Immune cells in cerebrospinal fluid could be biomarkers to predict immunotherapy response

Results from a study led by Joan Seoane, Director of Preclinical and Translational Research co-program at VHIO and ICREA Professor, show that immune cells accessing cerebrospinal fluid faithfully recapitulate the characteristics of cells identified in brain metastasis, and could therefore constitute novel biomarkers of response to immune-based therapies.

Immune checkpoint inhibitors including anti-PD1, anti-PD-L1, and anti-CTLA4, have shown significant clinical benefits in patients with progressive or metastatic solid tumors, including some brain metastasis.

Notably, these immune-based therapies have improved outcomes for some of those suffering from lung cancer and melanoma. Together, these tumor types (represent between 30-40% of all cancers), along with breast cancer, are three common malignancies that lead to brain metastases.

"One of the major challenges in improving outcomes for patients suffering from brain metastases caused by these cancers is that new lesions can differ immensely from the primary tumor, and thus respond in a different way to immune-based therapies," observes Joan Seoane, co-Corresponding Author of this present study that published today in Nature Communications.

Brain metastases are the most frequent tumor of the brain, with a dismal prognosis. While a fraction of patients benefits from treatment with immune checkpoint inhibitors, the majority do not. Predicting response to these therapies necessitates the characterization of tumor specimens.

Due to the anatomical location of brain tumors and the risk of surgical procedures, accessing samples from brain malignancies is challenging.

Results from previous studies led by Joan Seoane, as well as those of other groups, have evidenced that cerebrospinal fluid can provide vital insights into the genomic characteristics of brain tumors and therefore be used as a minimally invasive liquid biopsy.

Spurred by these findings, the investigators conducted this present research to establish whether they could effectively characterize the immunological phenotype through the analysis of cerebrospinal fluid.

To test this hypothesis, Joan Seoane's team analyzed samples from 48 patients with brain metastasis.
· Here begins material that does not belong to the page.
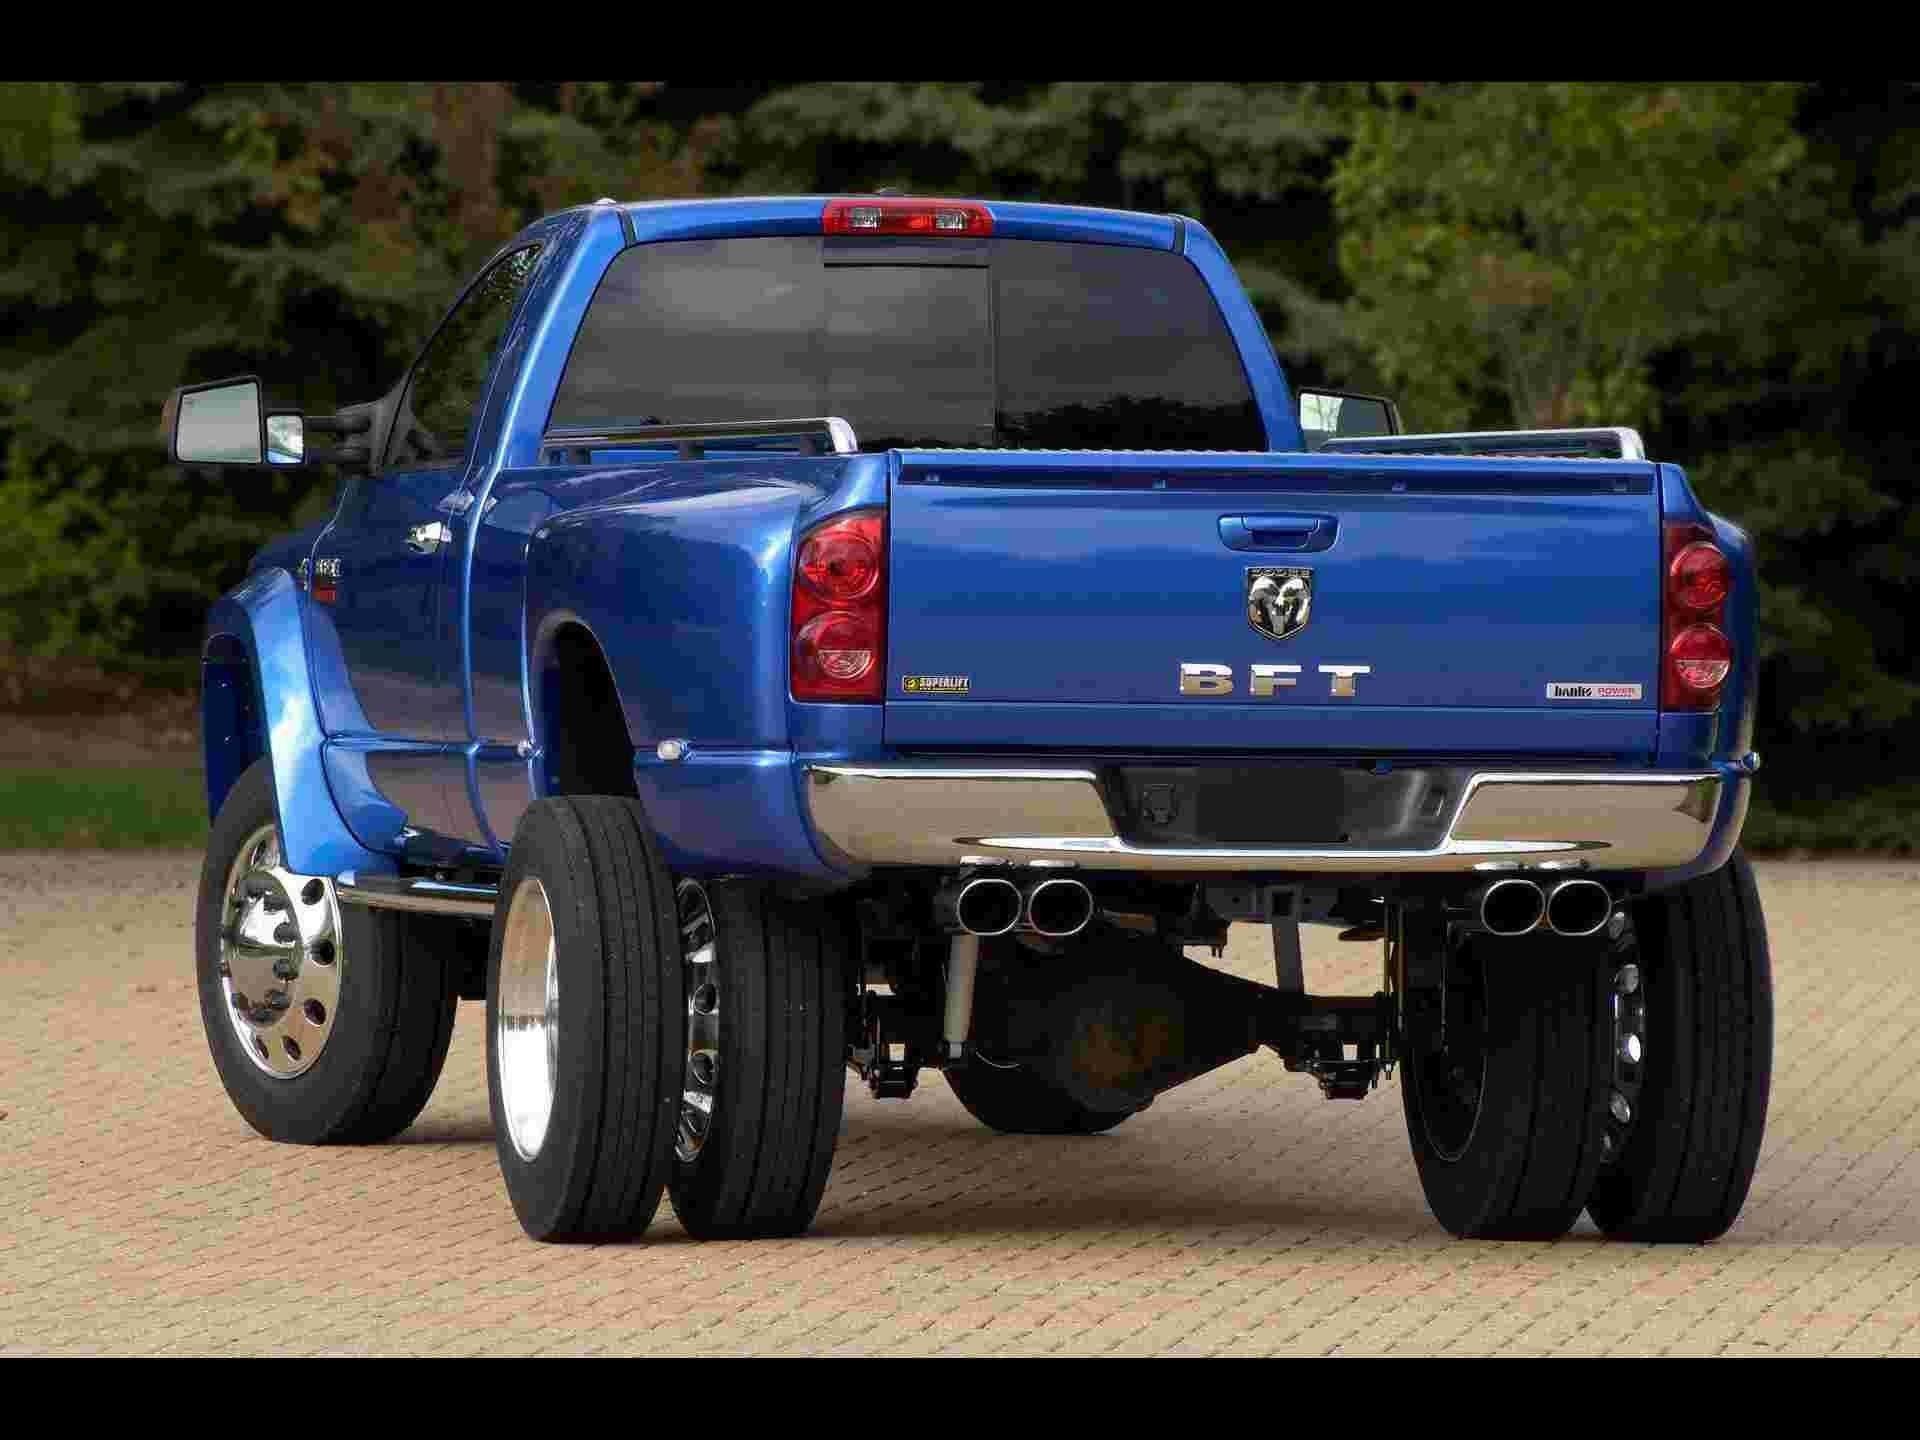 Lifted Trucks Wallpaper background picture

These samples were obtained thanks to the generosity of patients receiving treatment at our Vall d'Hebron University Hospital (HUVH), as well as the Hospital Clínic in Barcelona, who gave their full consent to use their samples.

The collection of samples was possible thanks to the dedication and expertise of these hospitals' Neurosurgery Services.
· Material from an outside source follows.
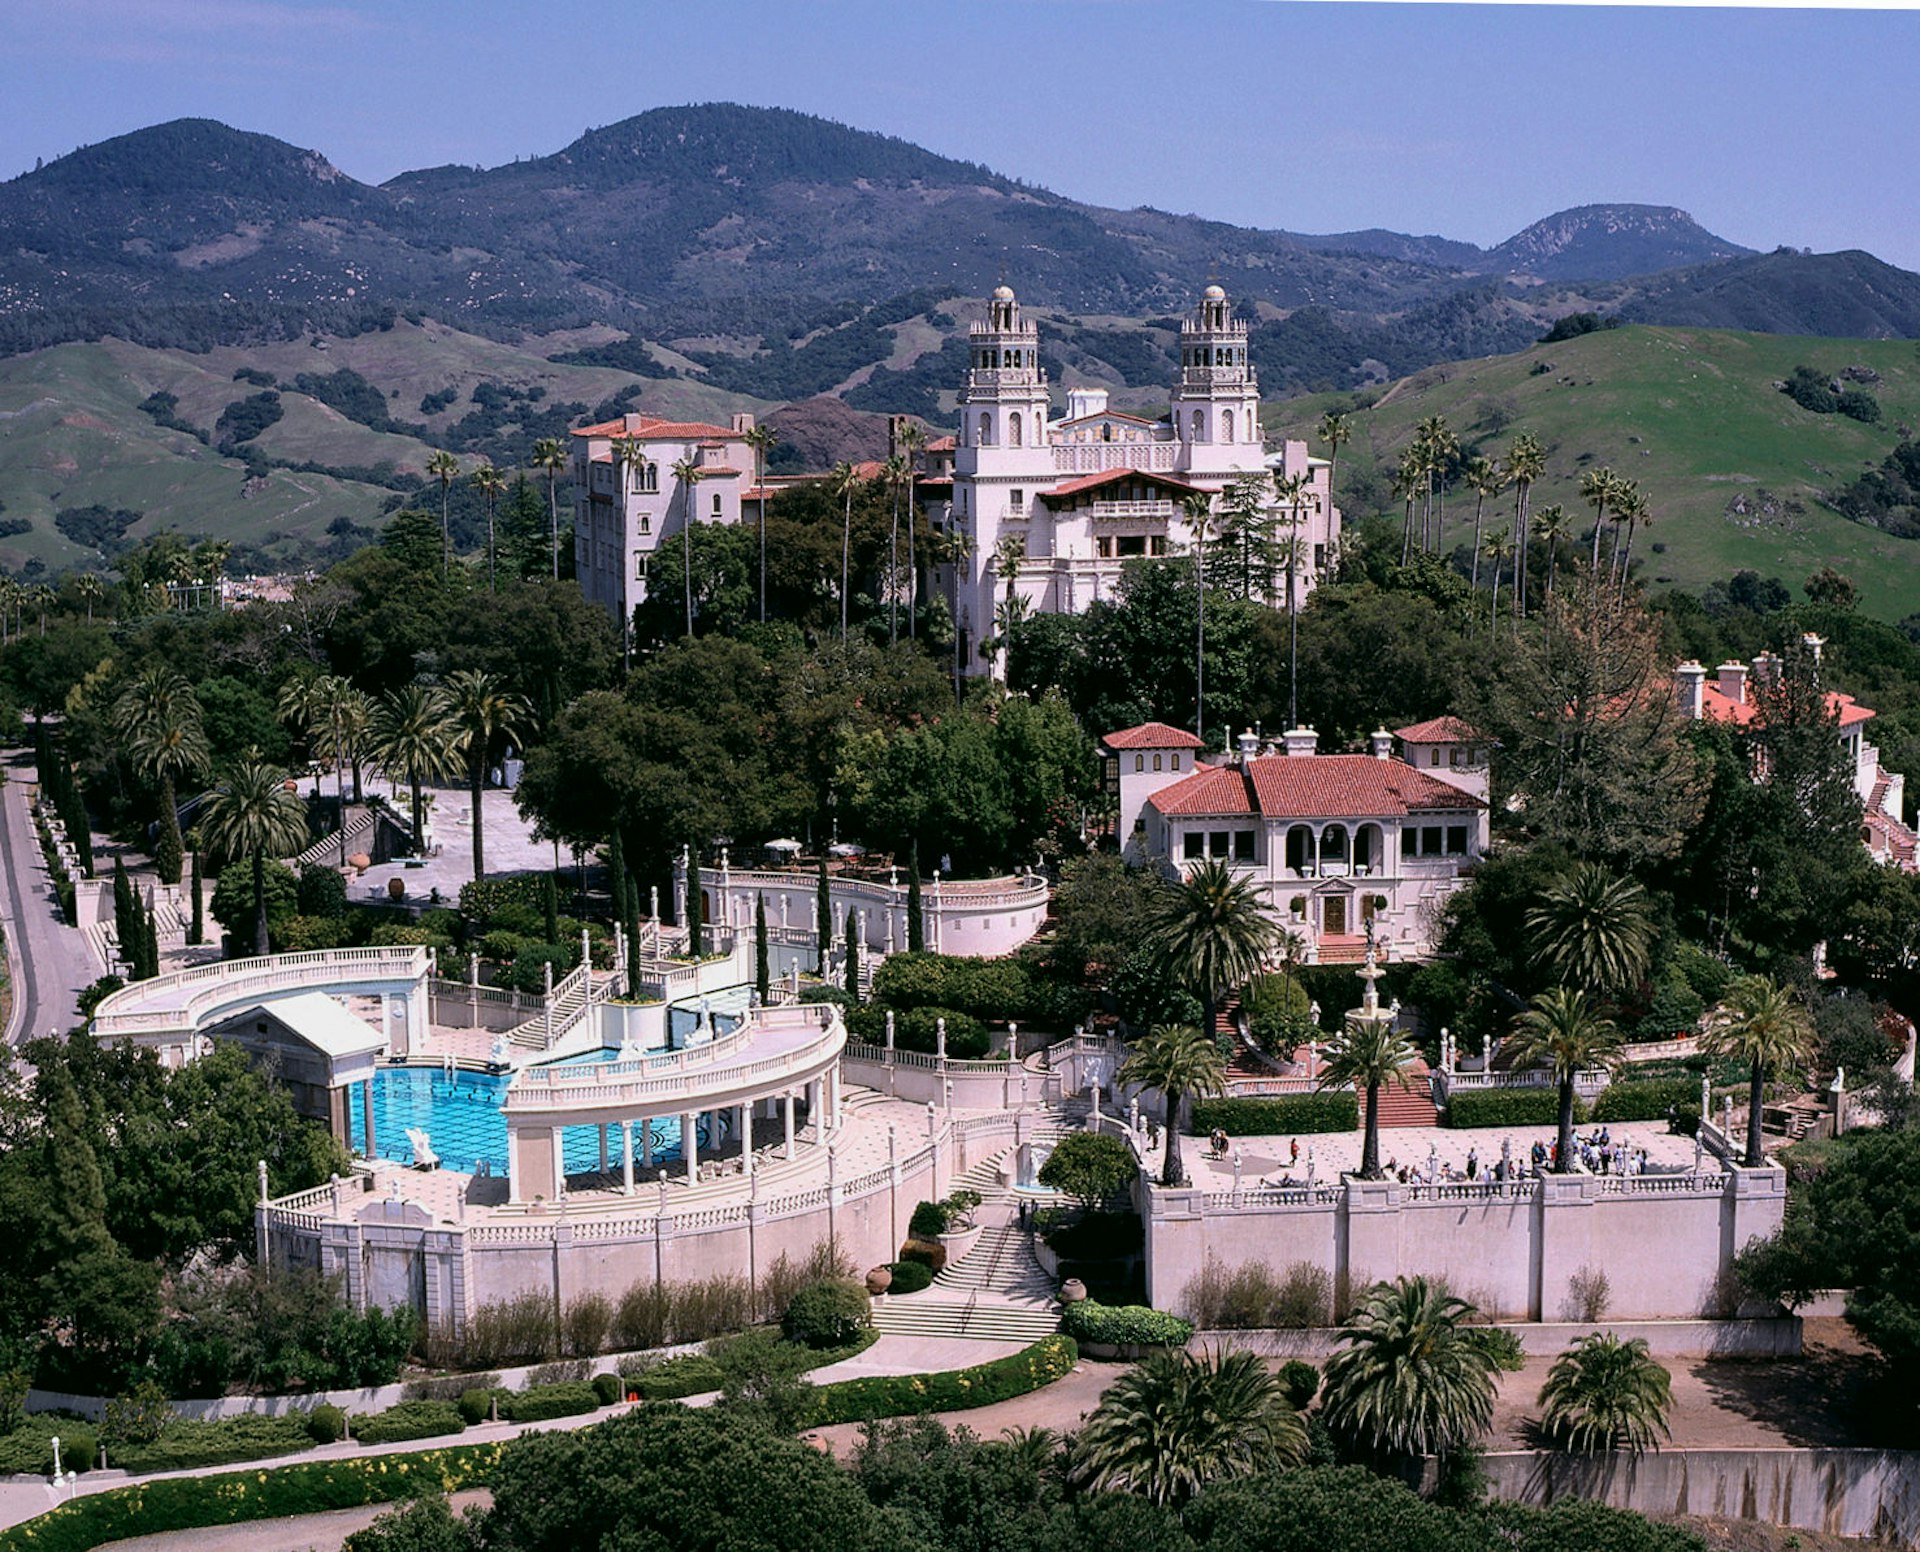 Hearst Castle is one of the top attractions in the San Luis Obispo area

The researchers assessed the immune cells present in the brain metastases, and in parallel, performed immune cell profiling of the cerebrospinal fluid. They sought to identify which cell types were present in the cerebrospinal fluid and compare them with those obtained from the metastatic lesions.

"By establishing similarities between the two, we have identified a novel and minimally invasive method that can allow us to predict response to immunotherapy in these patients. This pioneering approach could more precisely guide clinical decision making in treating these patients with immune-based therapeutic strategies," adds Joan Seoane.

By analyzing the cerebrospinal fluid, Joan Seoane's team has been able to identify the T-cells that recognize the tumor, and those that are active in treatment.

Each immune T-cell has a unique sequence that recognizes a particular tumor antigen. When their tracing and targeting commence, these cells are activated and begin to proliferate. Through this study, we have been able to characterize the individual sequences of immune cells and, in this way, identify which immune cells are fighting the tumor and discern how they evolve over time."

Joan Seoane, Study Co-Corresponding Author and Director of Preclinical and Translational Research Co-Program, ICREA Professor, Vall d'Hebron Institute of Oncology

The study was also carried out in collaboration with colleagues at the National Centre for Genomic Analysis-Centre for Genomic Regulation (CNAG-CRG), Barcelona. Directed by Holger Heyn, Head of CNAG-CRG's Single Cell Genomics Team, theu performed single-cell transcriptome sequencing of around 6000 cells by scRNA-seq technology.

"Single-cell transcriptome sequencing provides the highest resolution for the detection and monitoring of several different diseases. The identification of clonal T-cells in both metastasis and liquid biopsy is of particular interest. We have shown that the sequencing of T-cell receptors provides a cellular barcode that can be assessed outside of the tumor. Importantly, this approach opens up new avenues for the detection of systemic disease," concludes Holger Heyn, co-corresponding author of this present study.